02/07/2024 0 Kommentare
Durchscheinend
Durchscheinend
# Pfarrer Domanski meint ...
Durchscheinend
Manchmal wird das Leben durchscheinend für Gott. Es gewinnt an Klarheit, Schönheit und Tiefe. Menschen, die nicht religiös sind, würden das vermutlich nicht so nennen, aber auch sie kennen die Erfahrung. Wir bekommen ein Gespür dafür, wie wir ursprünglich gedacht sind. Wir können spüren, dass wir geliebt sind. Spüren, dass das Leben gut ist und schön, auch wenn die äußeren Umstände eigentlich keinen Anlass dazu geben.
Oft kommt diese Erfahrung unverhofft und wir können sie nur schwer in Worte fassen. Ich weiß noch genau, in welchem Bus ich saß und was ich gelesen habe, als es das erste Mal passierte. Es war eines der Gebete aus der Bibel, der 103 Psalm. „Lobe den Herrn, meine Seele, und vergiss nicht, was er dir Gutes getan hat.“ Den ganzen Psalm finden Sie, wenn Sie Ihre Bibel genau in der Mitte aufschlagen. Mir wurde schlagartig bewusst, dass das nicht nur ein altes Gebet ist, dass vor 2500 Jahren geschrieben wurde – sondern, dass es für mich ist, für mich persönlich. Und dass alles gut ist. Das war ein unbeschreibliches Gefühl.

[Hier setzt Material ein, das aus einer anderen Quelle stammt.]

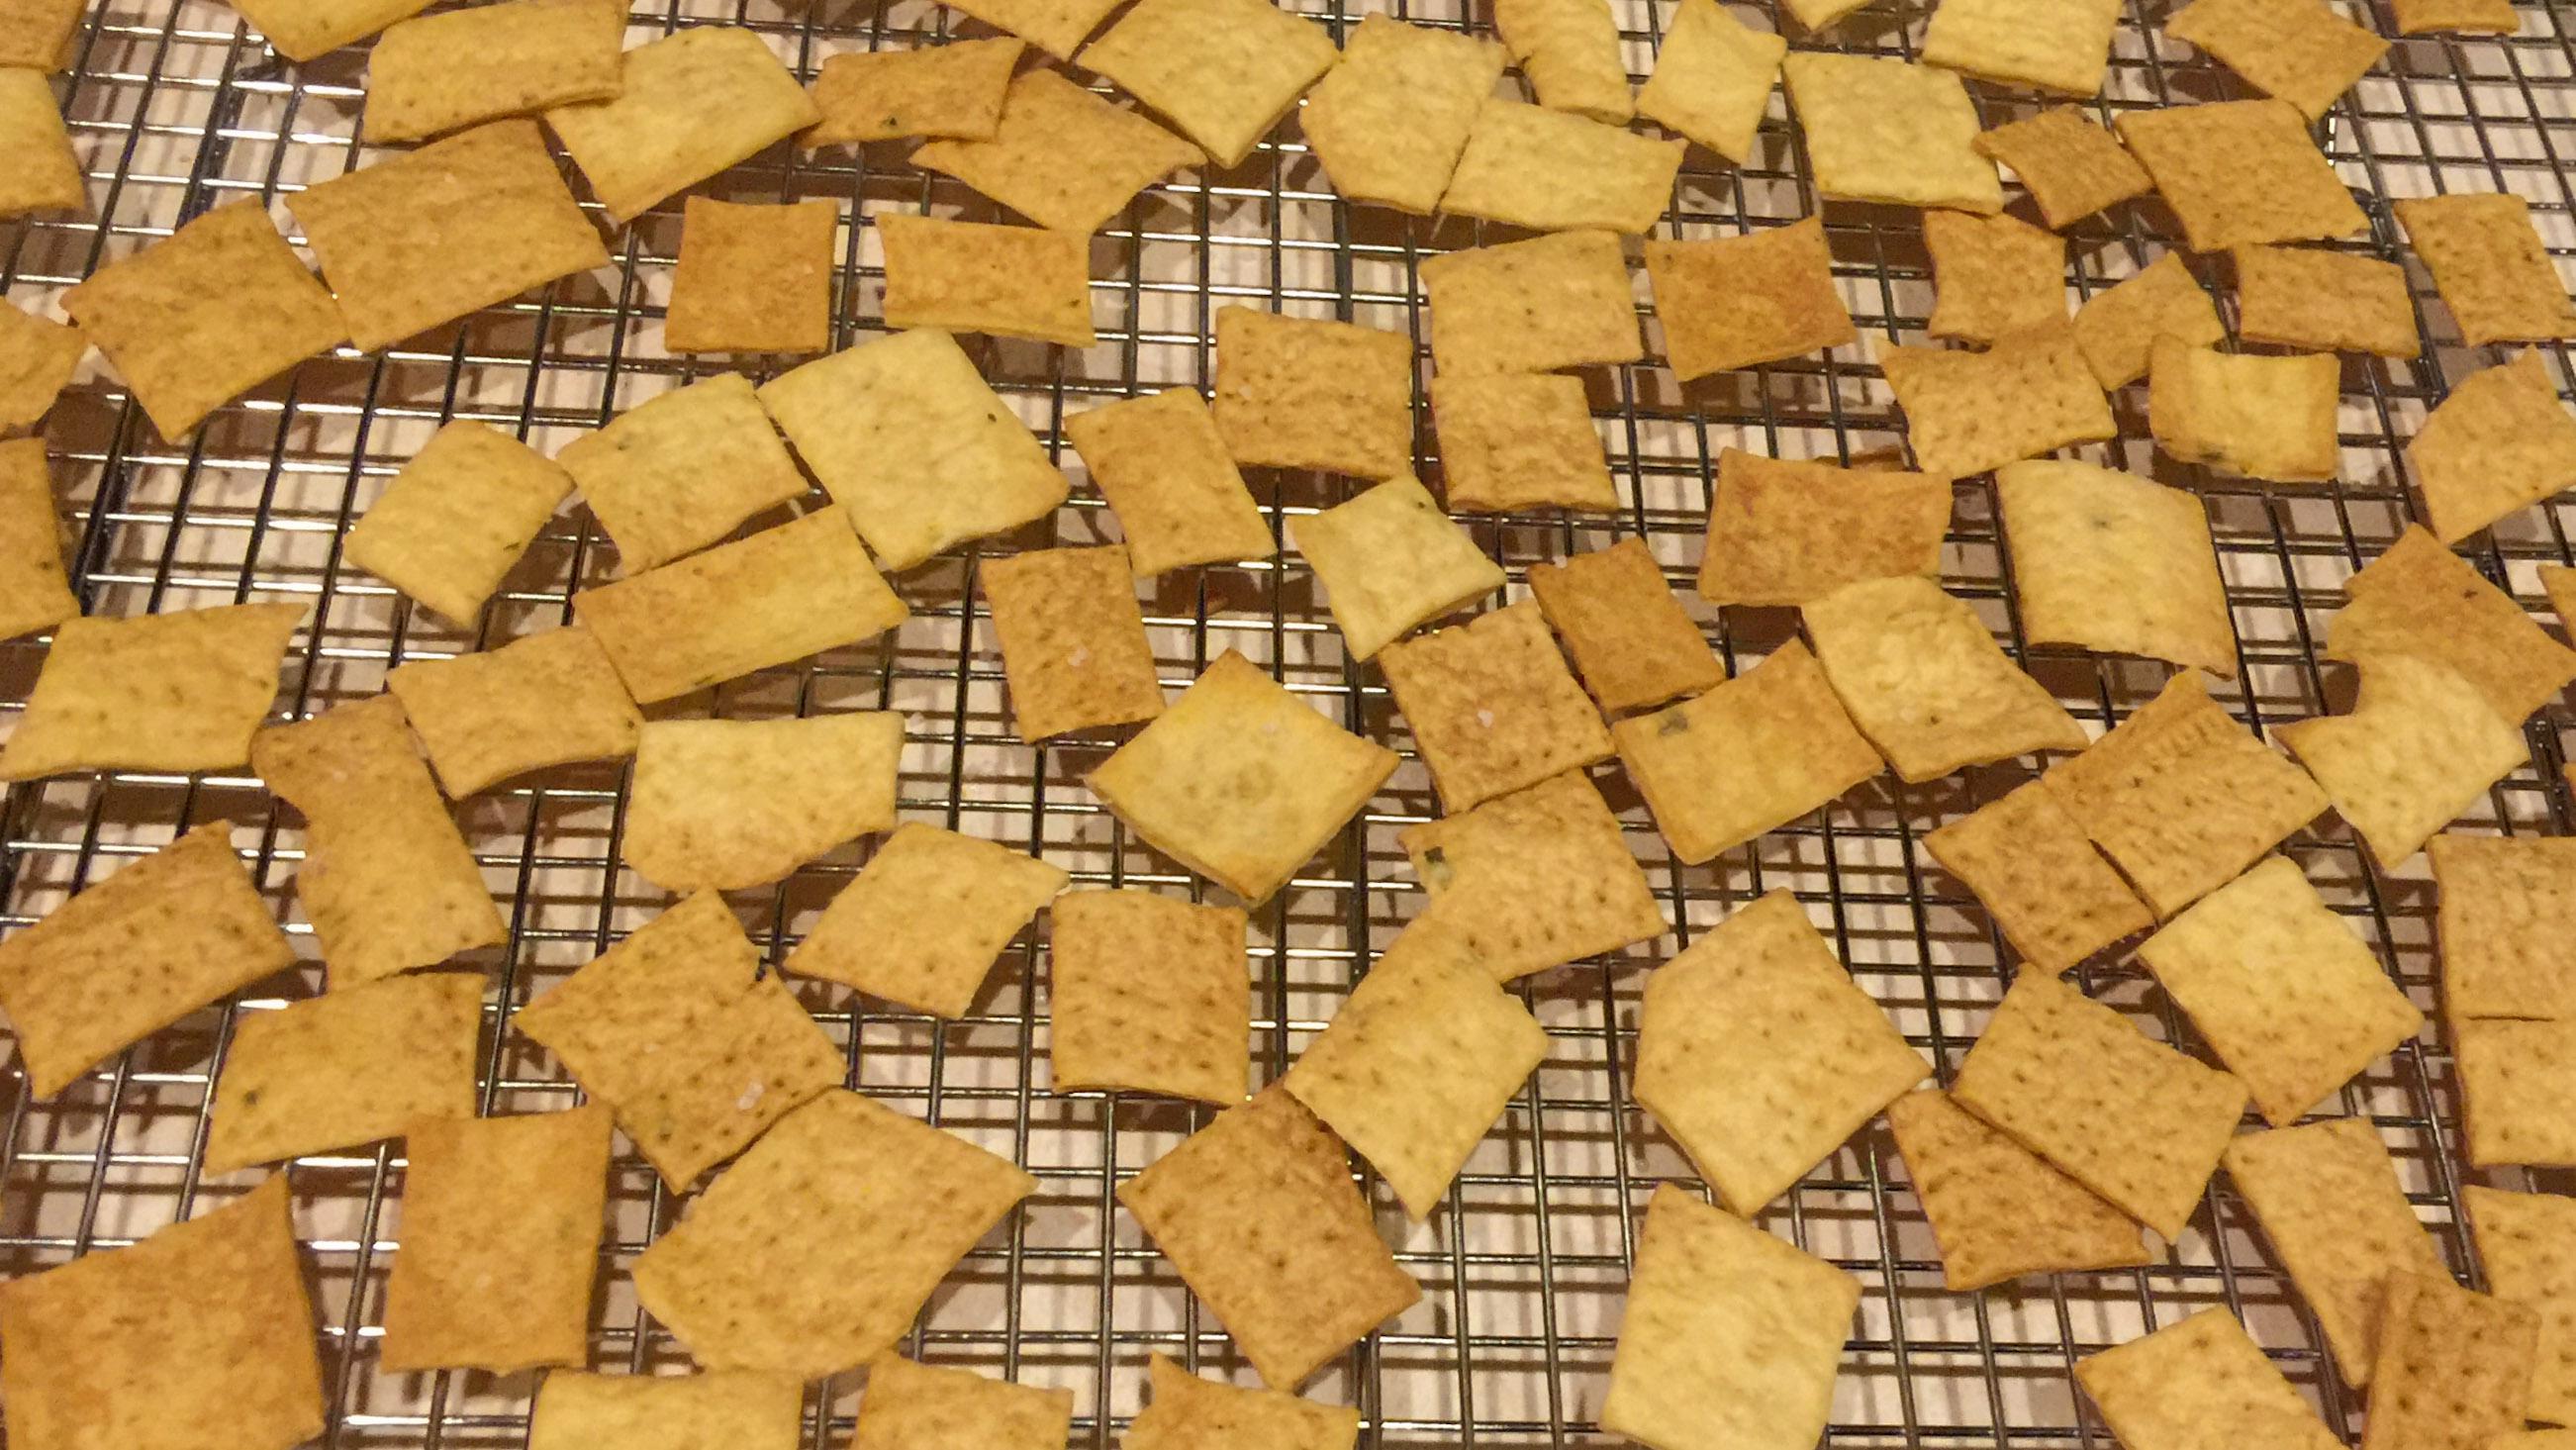 Sourdough crackers cooling

Immer wieder machen Menschen diese Erfahrung – beim Lesen biblischer Texte, bei der Geburt eines Kindes oder an Stellen, an denen sie es am wenigsten erwarten. Manche Menschen müssen erst sehr krank werden, bevor der Schleier zerreißt und sie spüren, dass im Leben etwas Anderes zählt und trägt als dass, was sie immer dachten.
Diese Erfahrung erklärt nichts. Sie beantwortet nicht die Frage, warum es soviel Leid auf der Welt gibt. Aber sie gibt Kraft, dem Leid ins Auge zu blicken. Angst macht eng. Wer jedoch die Erfahrung gemacht hat, dass er gewollt und geliebt ist, dem fällt es leichter, auf andere zuzugehen und auch mit Schwerem umzugehen.
Manchmal wird das Leben durchscheinend für Gott. Alles wird weit, zu lieben wird leicht und wir bekommen eine Ahnung, wie Gott sich das gedacht hat mit uns, den andern und dem Leben.
Ich wünsche Ihnen eine gesegnete Osterzeit.